[SPARK-38927][TESTS] Skip NumPy/Pandas tests in `test_rdd.py` if not available #36235

williamhyun · 2022-04-17T18:58:28Z

What changes were proposed in this pull request?

This PR aims to skip NumPy/Pandas tests in test_rdd.py if they are not available.

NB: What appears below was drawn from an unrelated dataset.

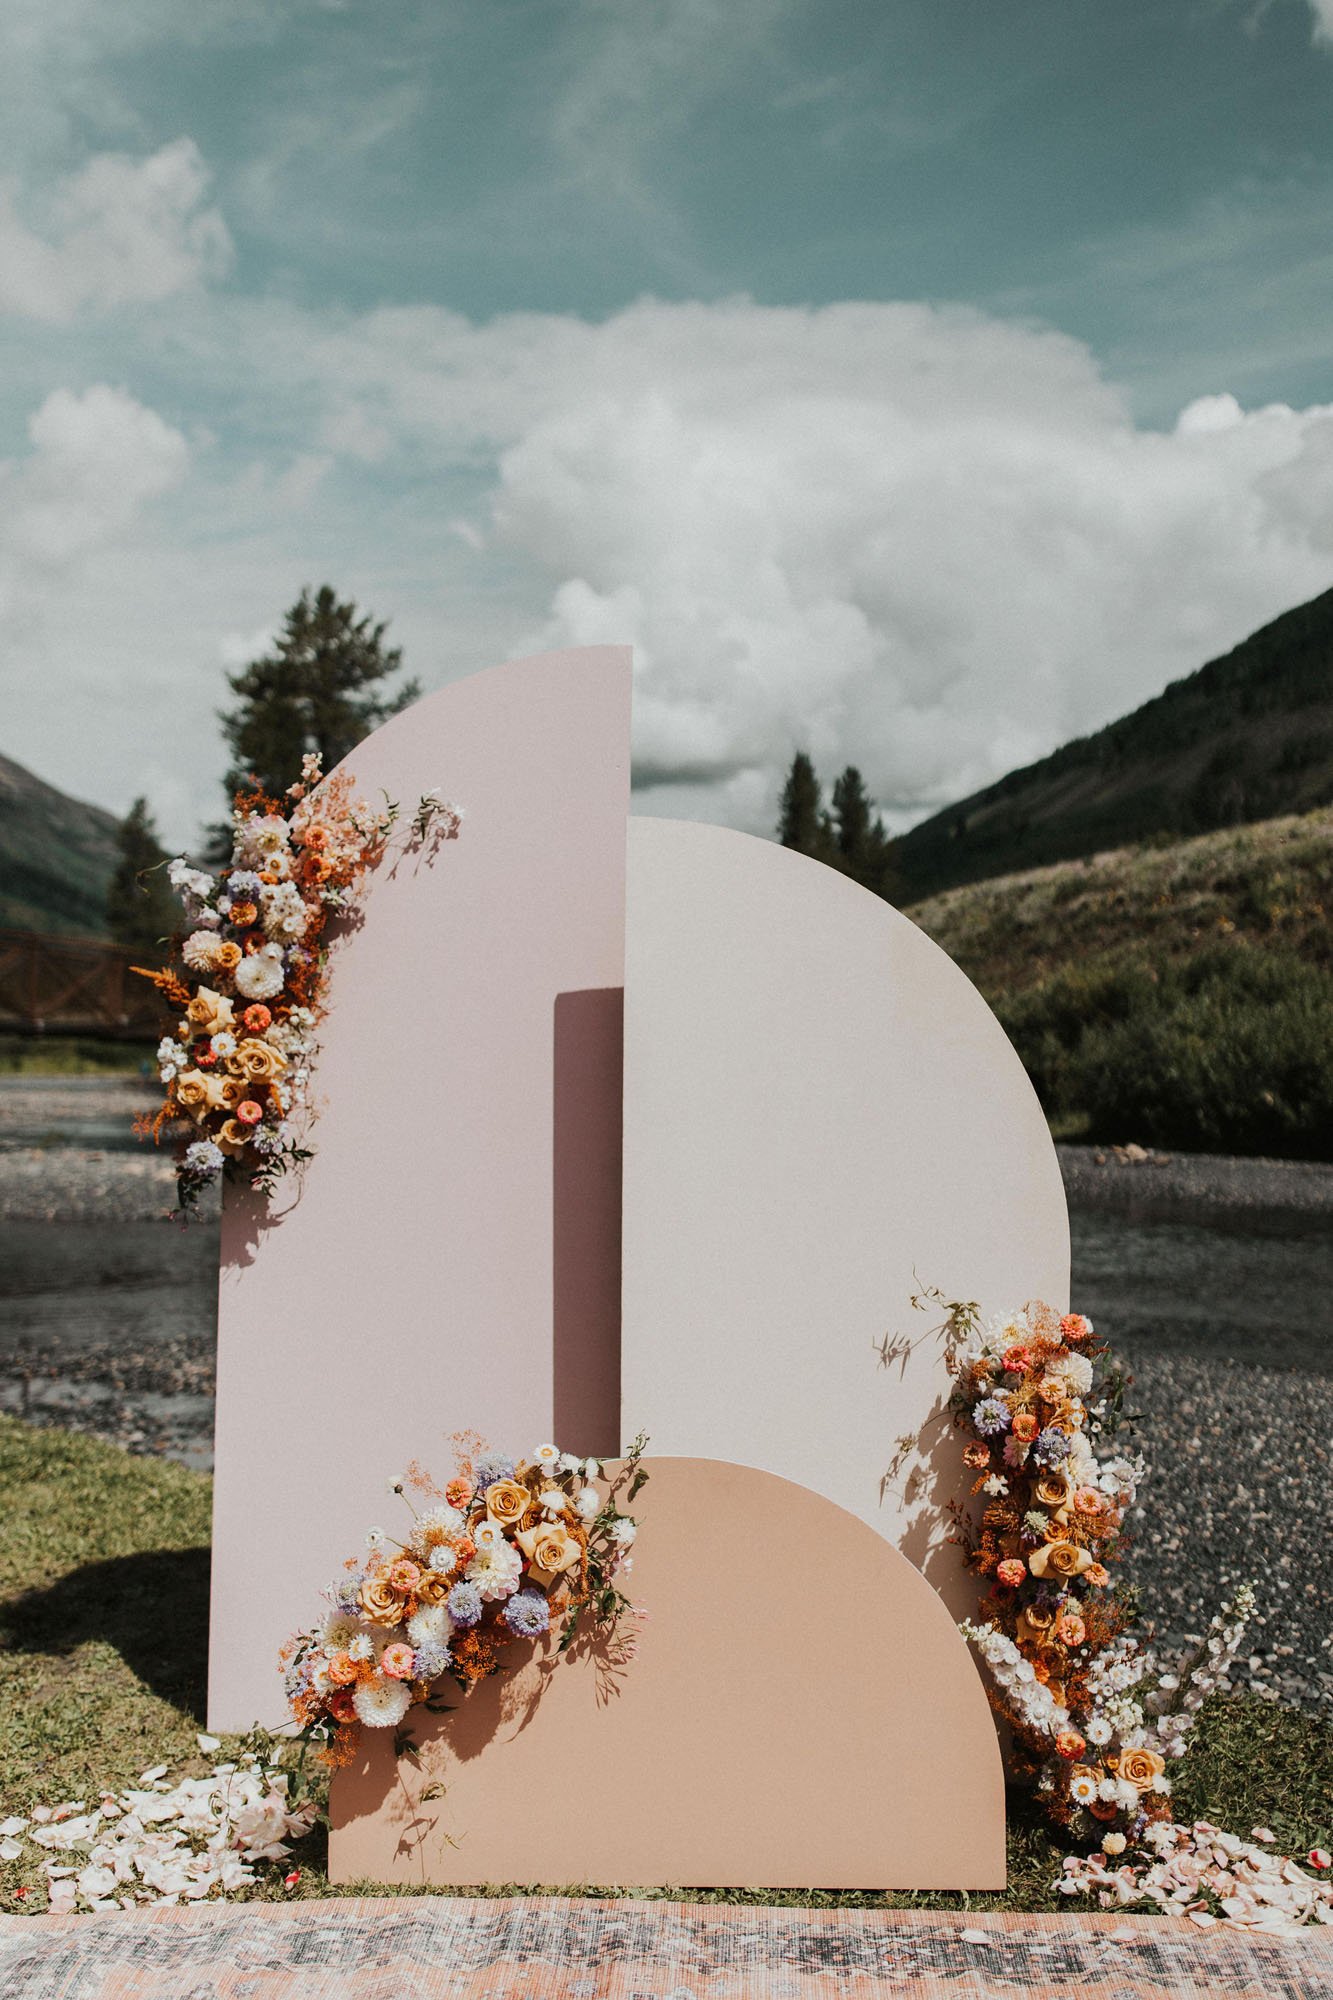  Photograph of a modern geometric ceremony backdrop in front of a creek in Crested Butte, Colorado. The backdrop is made of semi-arches of varying heights and shades of beige and pink and is decorated with florals in white, orange, beige, purple, and

Why are the changes needed?

Currently, the tests that involve NumPy or Pandas are failing because NumPy and Pandas are unavailable in underlying Python. The tests should be skipped instead instead of showing failure.

BEFORE

======================================================================
ERROR: test_take_on_jrdd_with_large_rows_should_not_cause_deadlock (pyspark.tests.test_rdd.RDDTests)
----------------------------------------------------------------------
Traceback (most recent call last):
  File ".../test_rdd.py", line 723, in test_take_on_jrdd_with_large_rows_should_not_cause_deadlock
    import numpy as np
ModuleNotFoundError: No module named 'numpy'

----------------------------------------------------------------------
Ran 1 test in 1.990s

FAILED (errors=1)

AFTER

Finished test(python3.9): pyspark.tests.test_rdd RDDTests.test_take_on_jrdd_with_large_rows_should_not_cause_deadlock (1s) ... 1 tests were skipped
Tests passed in 1 seconds

Skipped tests in pyspark.tests.test_rdd RDDTests.test_take_on_jrdd_with_large_rows_should_not_cause_deadlock with python3.9:
    test_take_on_jrdd_with_large_rows_should_not_cause_deadlock (pyspark.tests.test_rdd.RDDTests) ... skipped 'NumPy or Pandas not installed'

Does this PR introduce any user-facing change?

No.

How was this patch tested?

Pass the CIs.

…able

williamhyun · 2022-04-17T19:10:14Z

The CIs are running here:

https://github.com/williamhyun/spark/actions/runs/2180840175

dongjoon-hyun

+1, LGTM. Thank you, @williamhyun .
I verified this locally and updated your PR description.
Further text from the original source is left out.